Доклад Грегуара, а также другой основополагающий доклад депутата Баррера27, привели, в эпоху террора при Робеспьере, к террору, в том числе языковому: 2 термидора II года (20 июля 1794 г.) Конвент принял декрет об использовании французского языка, гласящий о том, что любой документ в любой части территории Республики должен быть написан только на французском языке, а отклоняющиеся от данного предписания будут осуждены на шесть месяцев тюремного заключения28.
Робеспьер вскоре был свергнут, но точка невозврата в языковой политике революционной Франции была пройдена: начались гонения против региональных языков и патуа. Как следствие, стала сокращаться сфера их употребления. Массивную школьную реформу удалось произвести только при Третьей республике, но постепенно население начало понимать французский язык. Немалую роль в франсизации страны сыграла и республиканская армия, в которой носители разных патуа и региональных языков смешивались, и французский, на котором отдавались все приказания, становился для этих солдат и языком-посредником, языком общения и подчинения. Солдаты возвращались со службы франкофонами и распространяли государственный язык в своих семьях и деревнях29.
Таким образом, за бурные десять лет революционного периода произошли существенные изменения в языковой политике, значительно повлиявшие на облик современной Франции. Язык стал отождествляться с нацией, а его активному распространению (вопреки региональным языкам и патуа) был дан решительный законодательно подтвержденный старт, хотя для завершения дела франсизации Франции потребуется ещё очень много времени.
Вслед за этим бурным десятилетием последовало чуть более спокойное время Наполеона Бонапарта, но спокойствие это было достигнуто путем установления военной диктатуры и сверхцентрализованного государственного режима.

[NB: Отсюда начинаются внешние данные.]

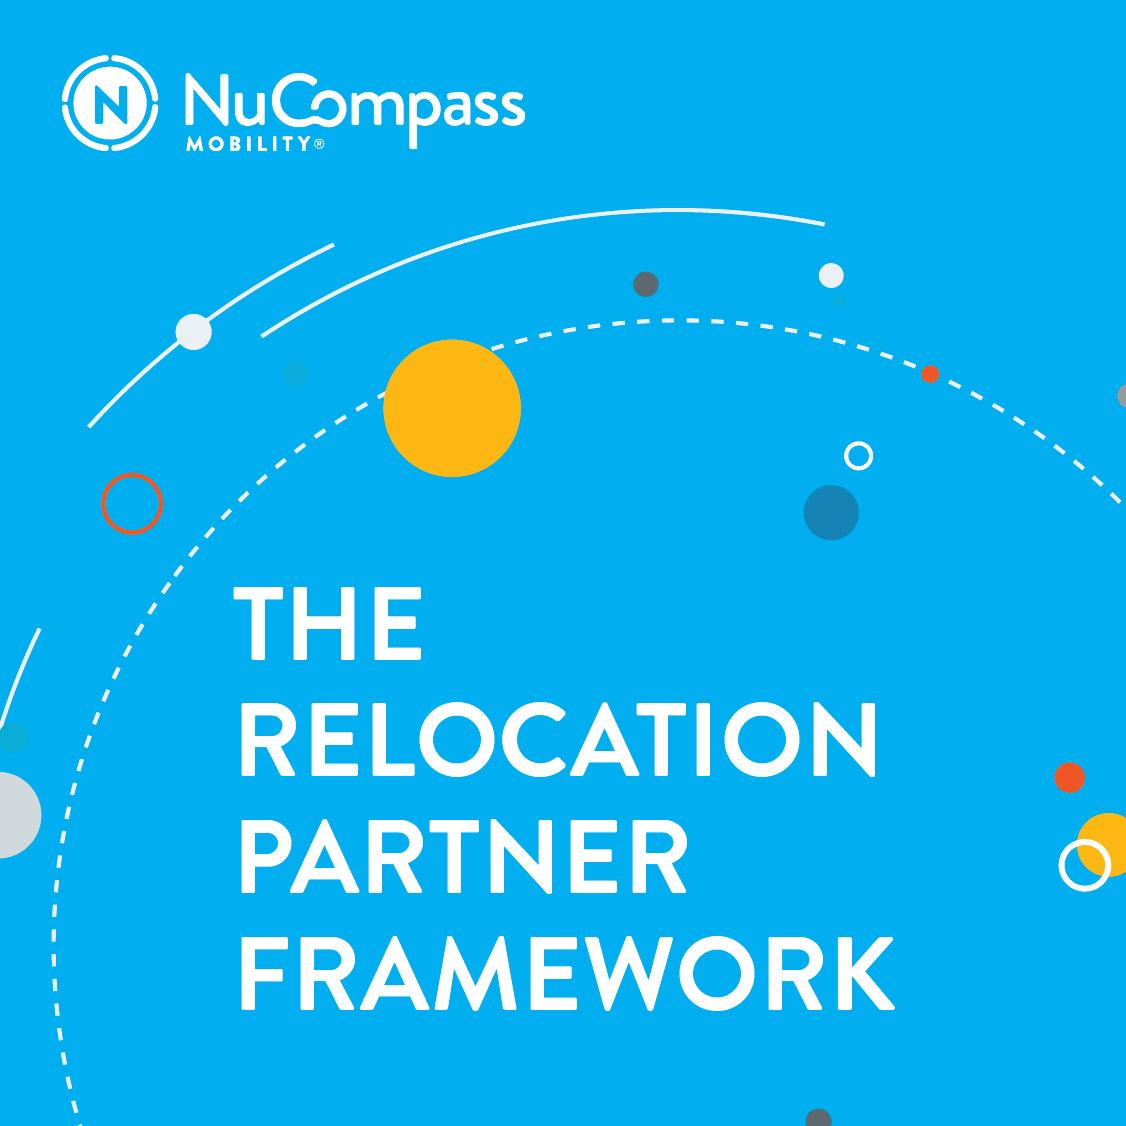 The Relocation Partner Framework

Первые предпринятые им шаги в языковой политике были достаточно консервативны: он тут же прекратил любую пропаганду французского языка, вернул школы в юрисдикцию Церкви, которая не преминула вернуться к преподаванию латинского языка, так что в целом в распространении французского наблюдалась ослабление.

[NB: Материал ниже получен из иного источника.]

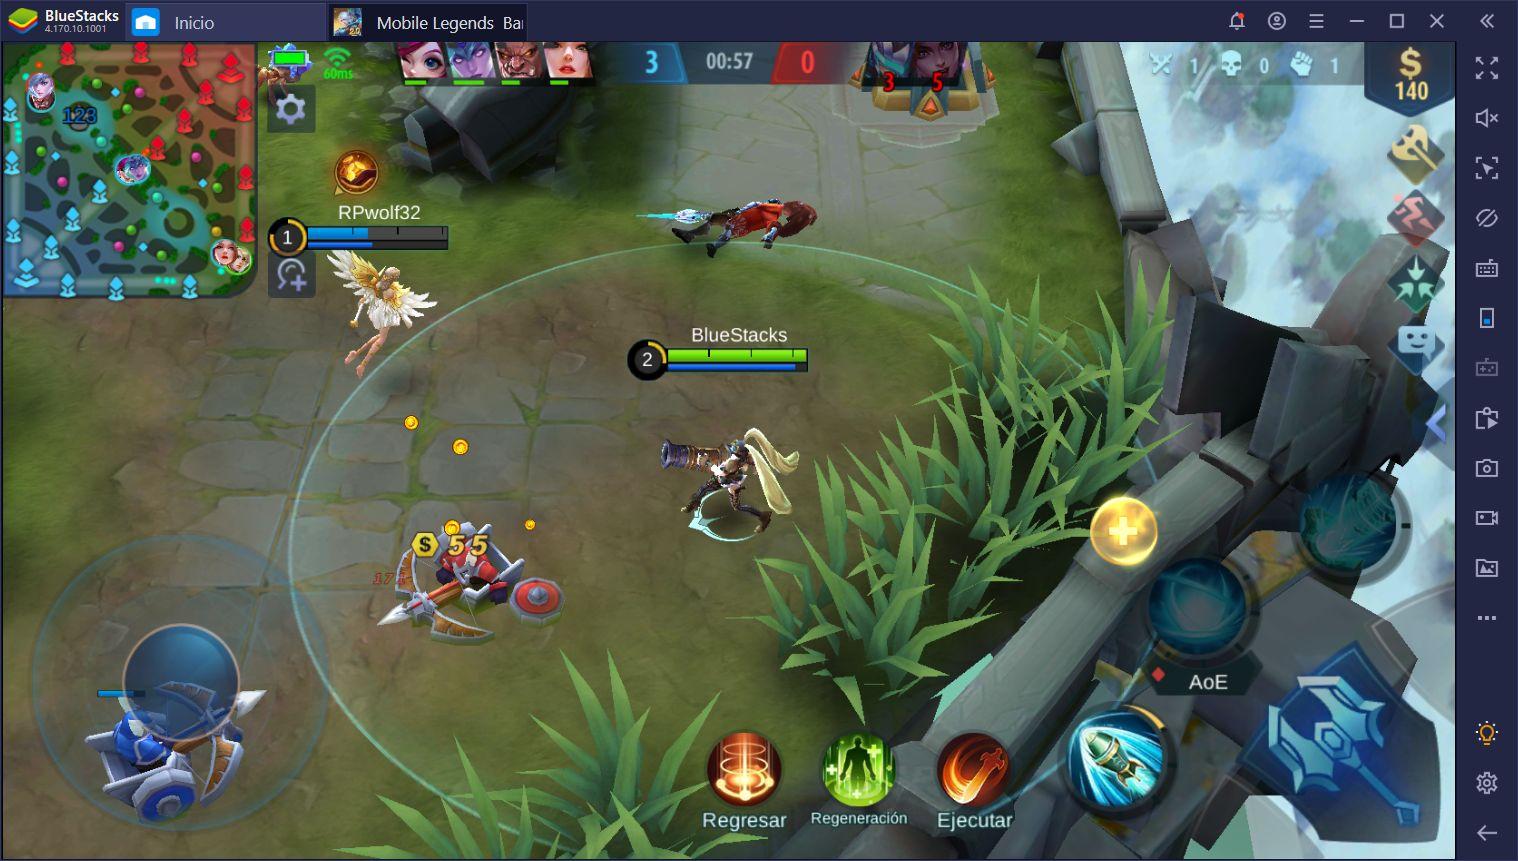 5 Razones Para Volver a Jugar Mobile Legends: Bang Bang en BlueStacks

Помимо этого, в государстве появилось несколько консервативных институтов для контроля над языком, например Институт Франции и Грамматический совет. Как и во времена Людовика XIV, преследовалась цель окончательно зафиксировать норму французского языка, отбросив при этом нововведения. Лишь благодаря естественным внешнеполитическим процессам, а именно языковым контактам наполеоновской армии с иностранными армиями, язык пополнился немалым количеством заимствований, особенно англицизмов.
Тем не менее, несмотря на этот консерватизм, французский язык продолжал распространяться, как из-за войн, во время которых язык распространялся в армии по уже описанной нами выше схеме, так и в силу очень сильной централизации и унификации. Орудием унификации во всех отраслях общественной жизни был, разумеется, язык как средство общения. Отныне уже можно говорить о том, что французский стал языком всей нации, что, впрочем, не отменяло билингвизма на практике, особенно в южных регионах30.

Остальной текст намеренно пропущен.